The dropshp and space station fits are particularly poor here. The space station is poor because of very few points and one massive outlier. The dropship data also has a couple of outliers that throw off the results. Switching to an elasticity model, however, improves the fit substantially in both cases.
```{r}
#| label: fig-large-craft-linear-fit
#| fig-cap: Linear fit of weight to BV for all large craft unit types. Blue line shows the linear fit and the red line shows a smoothed line.
units |>
filter(group == "Large Craft") |>
ggplot(aes(x=weight, y=bv))+
geom_point(alpha=0.2)+
geom_smooth(method="lm", se=FALSE)+
geom_smooth(color="red", se=FALSE)+
facet_wrap(~unit_type, scales = "free")+
theme_bw()
```
```{r}
#| label: fig-large-craft-elasticity-fit
#| fig-cap: Fit of weight to BV for all large craft unit types using a log-scale on both axes. Blue line shows the linear fit and the red line shows a smoothed line.
units |>
filter(group == "Large Craft") |>
ggplot(aes(x=weight, y=bv))+
geom_point(alpha=0.2)+
geom_smooth(method="lm", se=FALSE)+
geom_smooth(color="red", se=FALSE)+
scale_x_log10()+
scale_y_log10()+
facet_wrap(~unit_type, scales = "free")+
theme_bw()
```
@tbl-model-linear-large-craft and @tbl-model-elasticity-large-craft show tables analogous to those above but for large craft. For Jumpships and Warships we get substantially better fits with the elasticity model. The space station case is the only case of any unit types where the elasticity model actually performs worse. However, given the sparsity of data here, we don't think randomly generating space stations makes much sense anyway.
```{r}
#| label: tbl-model-linear-large-craft
#| tbl-cap: Linear models predicting unit BV by its weight for all large craft unit types.
models <- units |>
filter(group == "Large Craft") |>
group_by(unit_type) |>
group_split() |>
map(.f = function(x) {
lm(bv~weight, data=x)
})
names(models) <- levels(droplevels(units[units$group == "Large Craft",]$unit_type))
modelsummary(models, fmt=3, gof_map = c("nobs", "r.squared"), statistic = NULL,
coef_rename = c("(Intercept)" = "Intercept", "weight" = "Tonnage"))
```
```{r}
#| label: tbl-model-elasticity-large-craft
#| tbl-cap: Elasticity models predicting unit BV by its weight for all large craft unit types.
models <- units |>
filter(group == "Large Craft") |>
group_by(unit_type) |>
group_split() |>
map(.f = function(x) {
lm(log(bv)~log(weight), data=x)
})
names(models) <- levels(droplevels(units[units$group == "Large Craft",]$unit_type))
modelsummary(models, fmt=4, gof_map = c("nobs", "r.squared"), statistic = NULL,
coef_rename = c("(Intercept)" = "Intercept", "weight" = "Tonnage (logged)"))
```
Interestingly, the R2 values are the lowest for dropships.
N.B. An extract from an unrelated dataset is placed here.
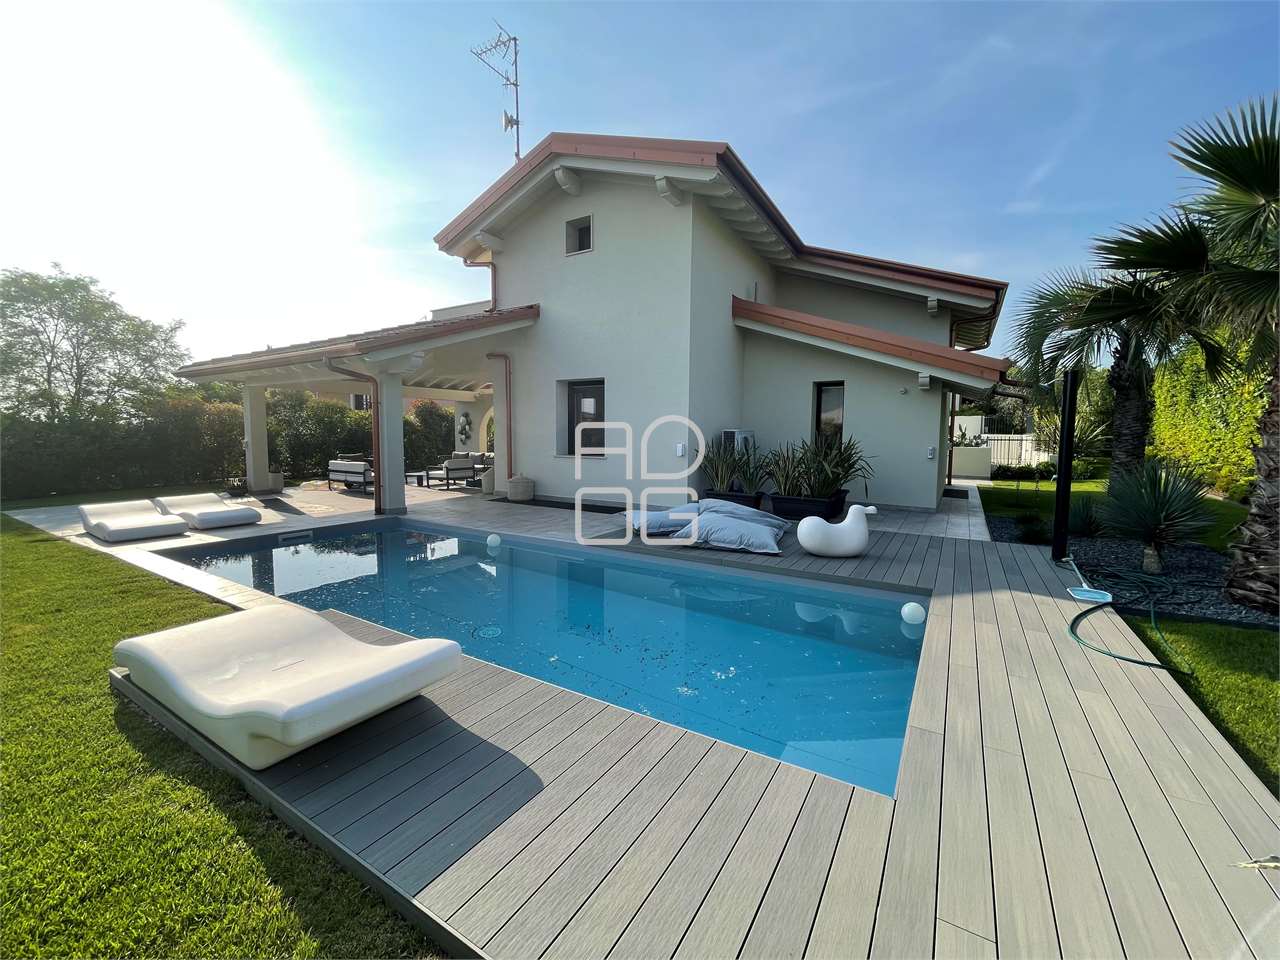 Elegante freistehende Villa mit privatem Pool in Lonato del Garda
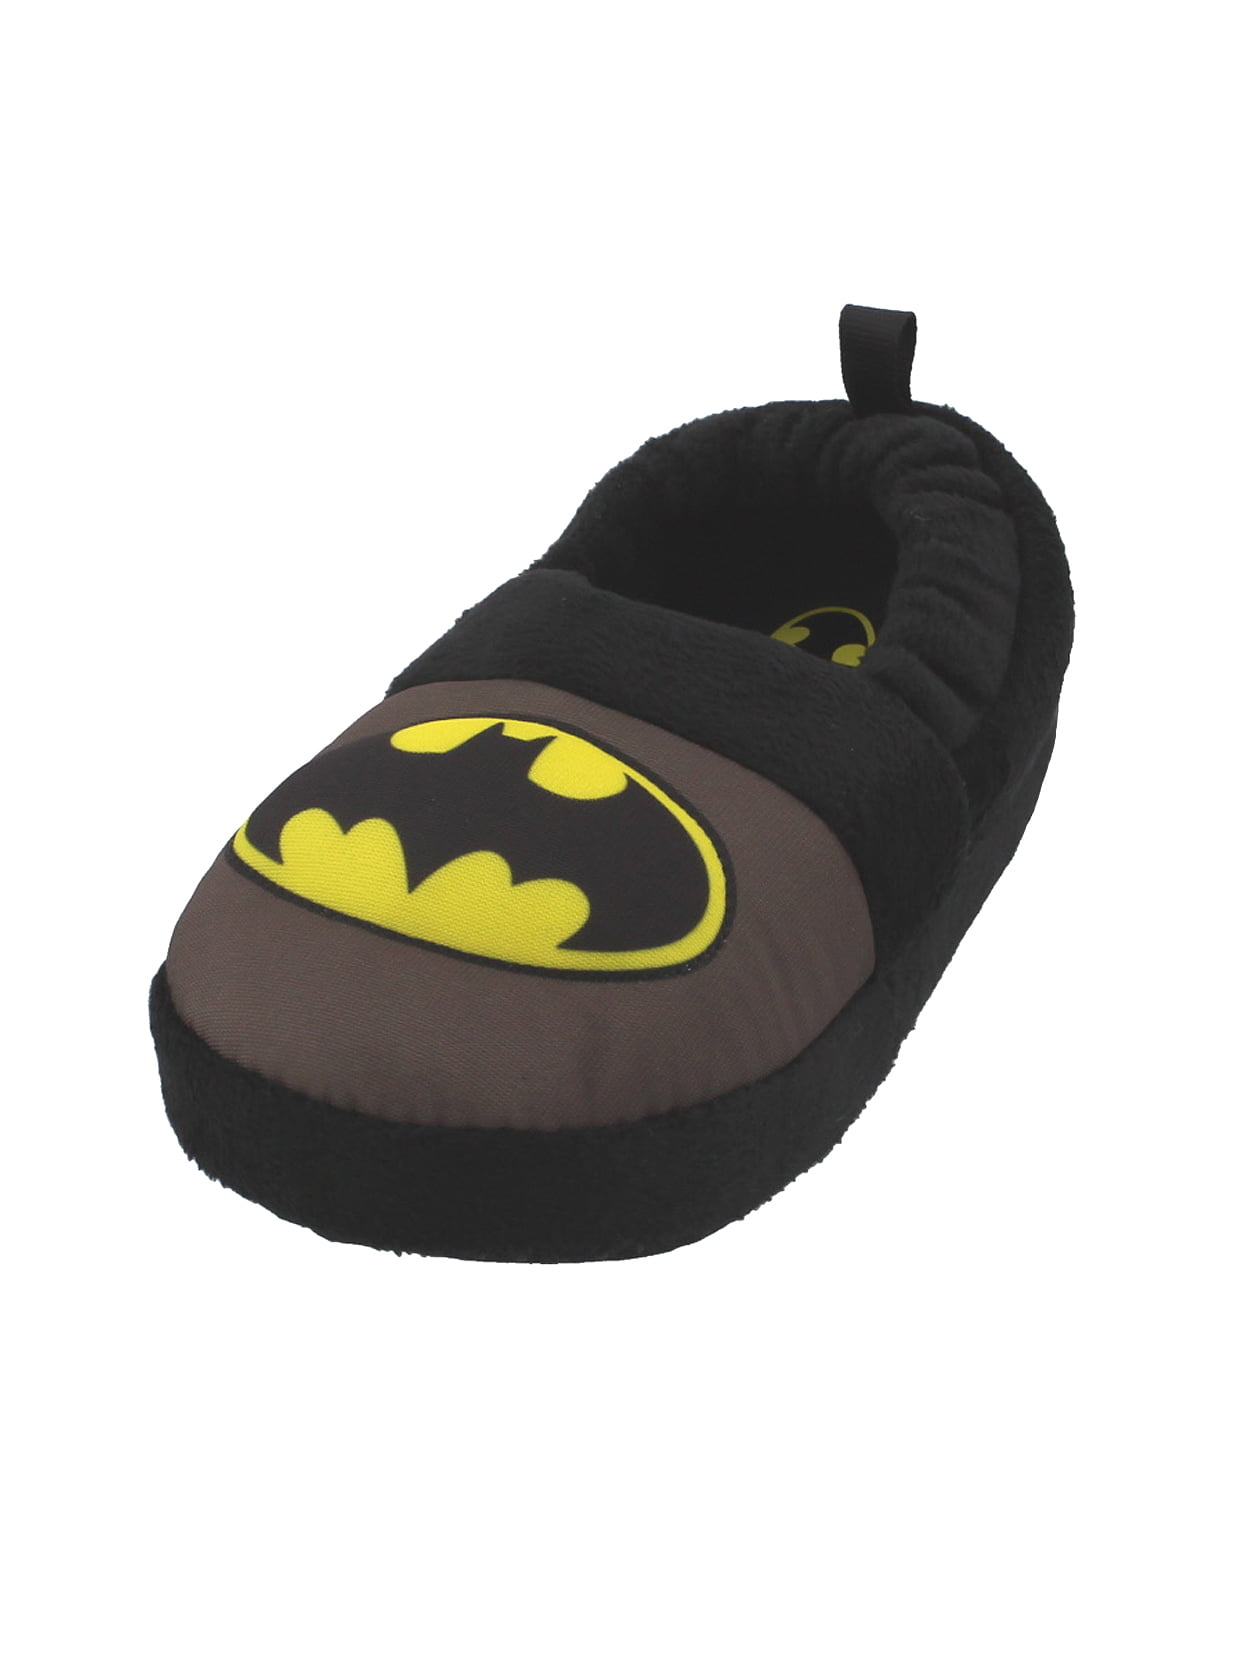 DC Comics Boys Batman Slippers Easy Fasten Slipper Boots Kids House Shoes Booties

This suggests that regardless of method dropship generation via generic BV will create a high level of variability.
## Gun Emplacements
Gun emplacements need to be handled differently as they currently have no weight. In general, gun emplacements need reworking for many things including balance. For now, we will just use the mean weight of gun emplacements as a static generic BV.
```{r}
temp <- units |>
filter(group == "Gun Emplacement")
mean(temp$bv)
```
## Conclusions
Overall, the results here indicate that we should use an elasticity model for all cases. This improved fit, sometimes substantially, for most units and did not noticeably produce any poor fits.